10 thoughts on “Grieving with Intention

  1. We lost our precious daughter Bobbie Jo,3 years ago. She was 28. I am really having a hard time. It seems by he greving is getting worse. It was due to medical malpractice. Do you have any advice?

    1. I am so very sorry for your loss. I don’t know your individual situation but I would suggest you go and talk to a psychologist or someone who is trained to deal with trauma. They will be able to give you professional help and advice. I personally had a lot of success with EMDR (ask if they are trained).

      Know that you are not alone and many of us are walking this journey with you.

  2. I read this yesterday morning, and I have been thinking about it ever since. You celebrate whatever you want. Death is a strange friend that visits each of us differently. You might share this post with your friends, or find a way to let them know how you are wanting to remember your son. I think they would like to help you however they can. Or maybe tell a few of your very trusted friends, so that they can share for you. Happy birthday in September to Adam.

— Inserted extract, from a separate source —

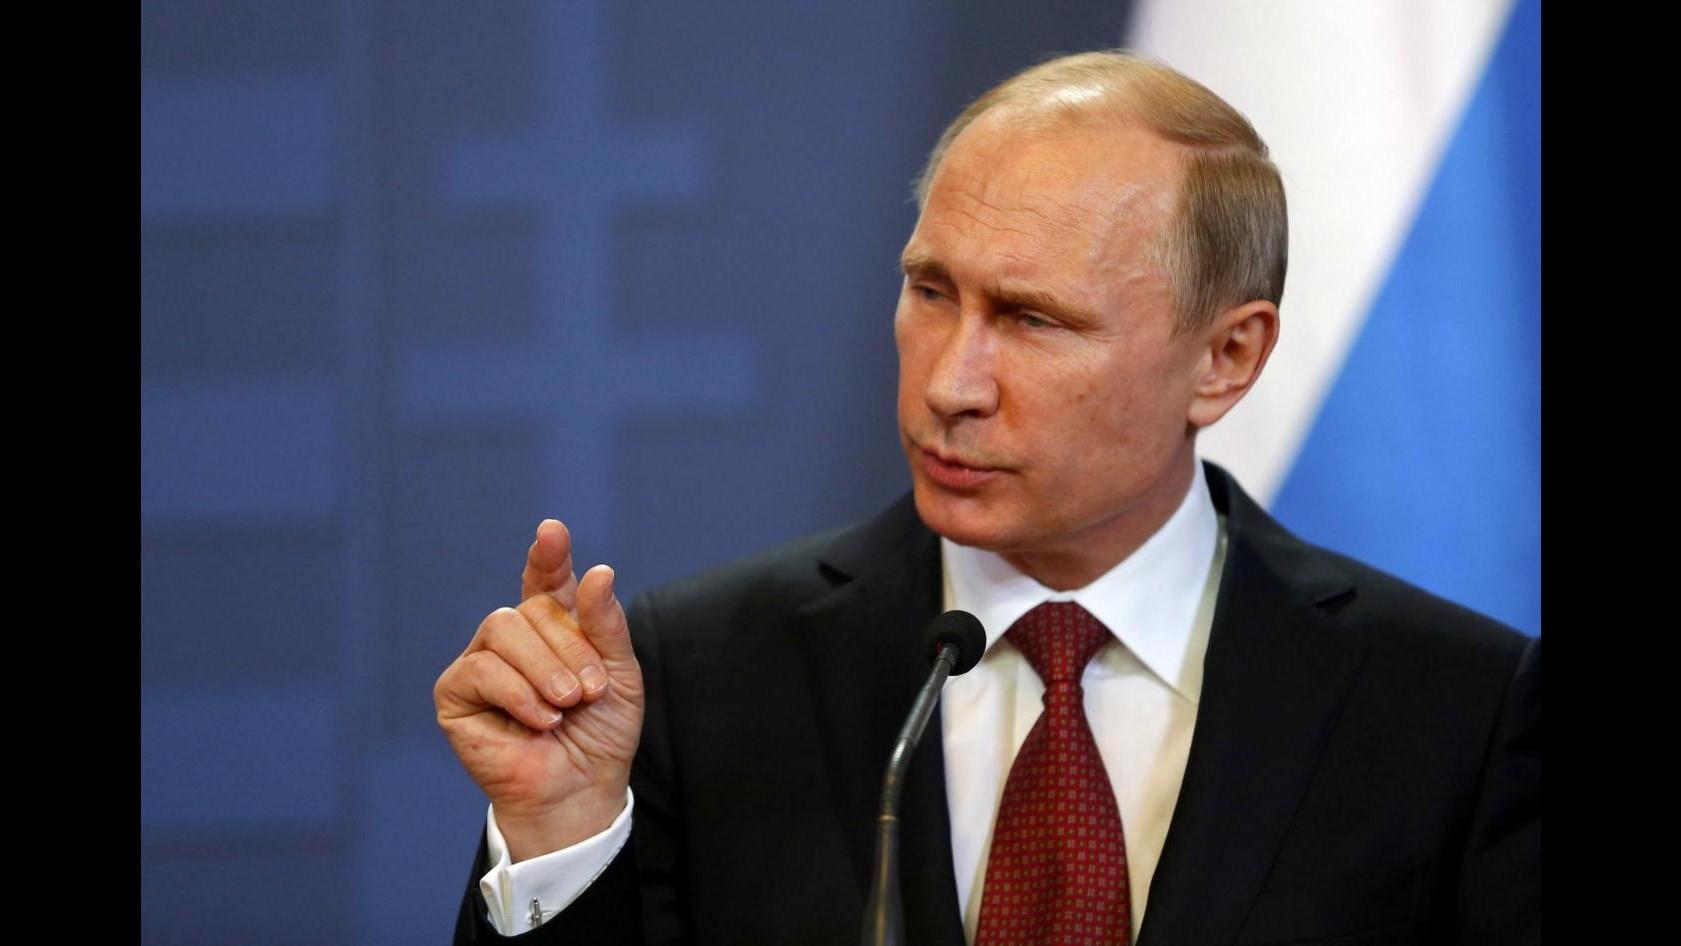 Ucraina, Londra: Rischio Putin anche per Paesi Baltico, Nato sia pronta

  3. Michael was born July 19th, 1985 and died of suicide on July 15th, 2016. His death certificate was signed the same day as his birthday. It has been 4 years and I believe this has been my hardest year, but for some reason I turned the corner this year. Instead of mourning his death, I celebrated his 35th birthday. I took a special card and Big Big Balloons and put them near his resting place. I didn’t cry as much, I smiled. I smiled because instead of thinking about the Why and How Could this happen, I thought about him as a baby, a young boy and as a man and I smiled. He brought me so much happiness. So today, I am saying that I am happy that I was blessed with the 30 years I was given. I cannot bring Michael back but I will make sure he lives on. I put a post on Facebook and received over 100 comments and I responded to them all. Thank you for remembering him and for sharing his birthday with me. He was a unique person. He was a special little boy and man and people loved his kindness. I will be sad but then I will think of the joy he brought me and I will smile.

  4. Such profound words . I was in counseling and I know they used EMDR however since my sons trial is scheduled to start Sept 29, 2020 she said that I wasn’t ready for EMDR although I have nightmare of that horrible night when I rec’vd that call that every parent is afraid to get and not to mention the I spent in icu only to remove him from life support, she wanted to wait for the trial to begin. So my question is what exactly is EMDR ? And , how does it help ? Thank you lisa ( ( for story Nick Kauls forever 17)

  5. I really appreciate your honesty about “forgetting” the date. I’m still fresh into this unwanted experience, it’s been hardly 3 months, but I am very realistic about it, accepted it and I’m trying to have a life after my son’s death (there’s really no point in wasting another life although I’m very much looking forward to death). I occasionally feel guilty for doing so. I’m pressured by expectations that I should be screaming and falling apart, but I personally found out that it doesn’t make anything better. It doesn’t relieve my pain and it won’t bring my son back. So, I’m trying to go on while the pain is still inside, the same as it was before but I choose to ignore it. It has become my new normal and it made me somehow numb but at least I am keeping it together now… This numbness makes me feel on occasions that I’m not reacting properly and that I’m kind of being “ok” with my son’s death and the guilt keeps up again… So knowing that others are also being somehow ok, at least on the surface, makes me fell less abnormal. I will always miss my son.

    1. First off, I’m so sorry for you loss – it truly is the “club” no one wants to belong to. Grieving is so individualized and we can sometimes feel as though we are doing it wrong. Take care of yourself and go in peace.